Have you found any amazing uses for AI?

How’s this. From Perplexity.

IBM Watson is an advanced artificial intelligence system developed by IBM, primarily known for its ability to process and analyze natural language. The technology underlying Watson includes several key components:

  1. Natural Language Processing (NLP): Watson uses NLP to understand and interpret human language, allowing it to answer questions posed in natural language. This involves analyzing syntax and meaning to provide accurate responses[3][4].

  2. Machine Learning and Deep Learning: Watson employs machine learning techniques to improve its performance over time by learning from new data inputs. It uses deep learning models for tasks such as image recognition and sentiment analysis[4][5].

  3. Information Retrieval and Knowledge Representation: These technologies enable Watson to access vast repositories of data, retrieve relevant information, and represent knowledge in a way that supports decision-making processes[4].

  4. Advanced Analytics: Watson integrates sophisticated analytics to uncover patterns and insights from structured and unstructured data, enhancing its ability to provide actionable insights[2][3].

  5. Hardware and Software Architecture: Watson’s architecture includes IBM’s DeepQA software, running on a cluster of powerful servers equipped with POWER7 processors, enabling high-speed data processing and analysis[4].

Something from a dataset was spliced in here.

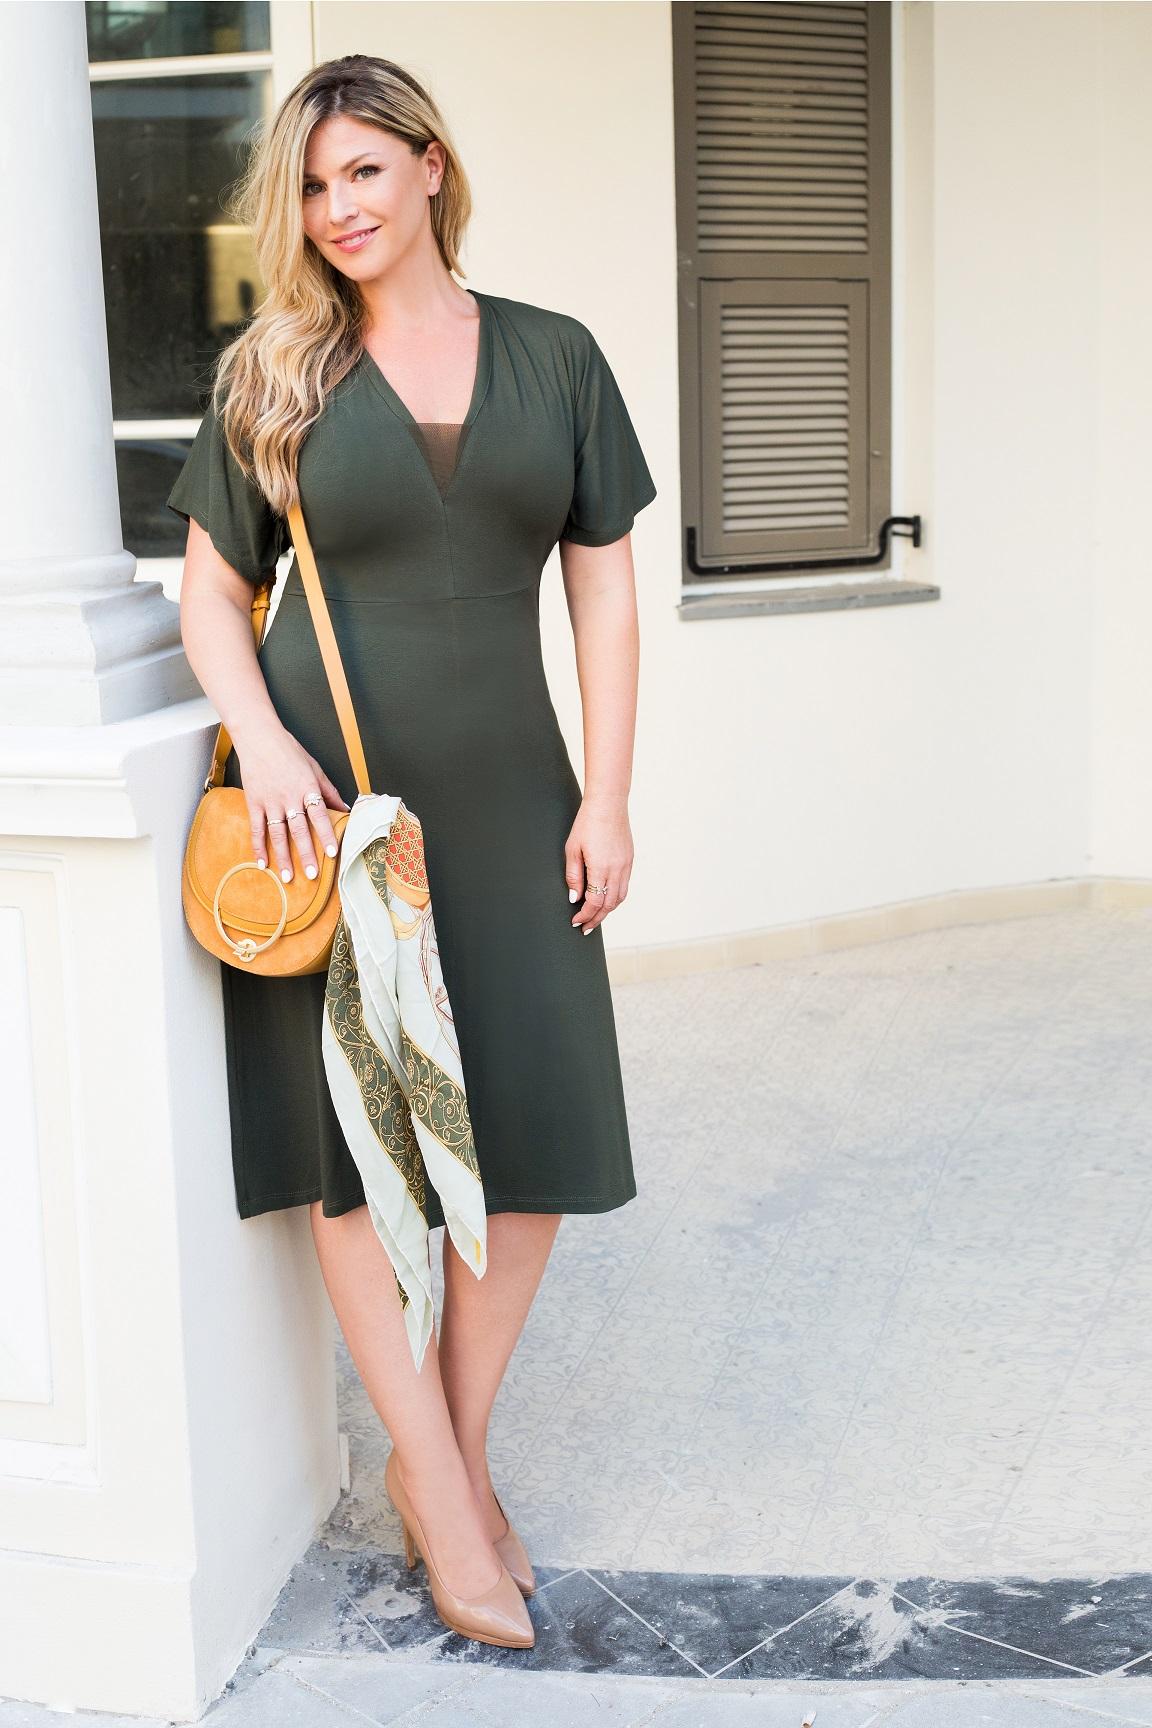 סנדרה רינגלר למתאים לי שמלה ירוקה מפתח וי 379שח צילום עמיר צוק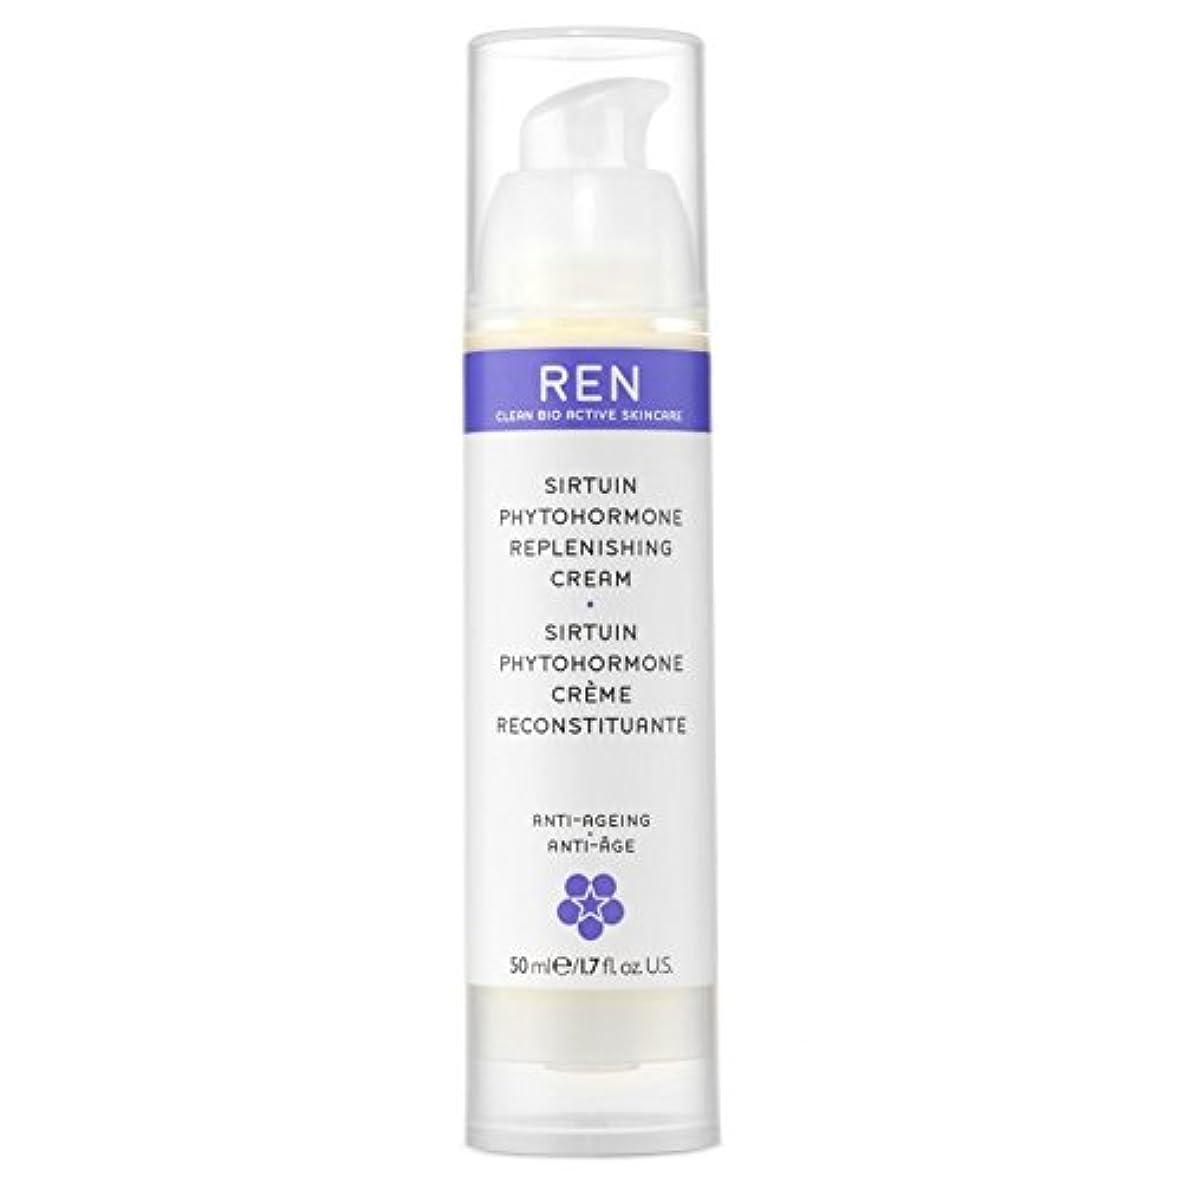 削除する有利化粧REN Sirtuin Phytohormone Replenishing Cream - サーチュイン植物ホルモン補充クリーム [並行輸入品]

IBM continues to evolve Watson’s capabilities through platforms like watsonx, which focus on scalable AI solutions for various business applications[1][5].

Watson is more of a brand that encapsulates a number of technologies and services.

My crude thoughts:

  • IBM’s Watson offered “natural language processing” in their marketing from 10 years ago.
  • Current AI marketing also offers natural language processing capabilities.
  • IBM is offering now an upgraded AI called watsonx
  • If natural language processing capabilities are useful for work, IBM’s Watson should have helped to gain marketshare in the last few years and the new watsonx should be a money printer.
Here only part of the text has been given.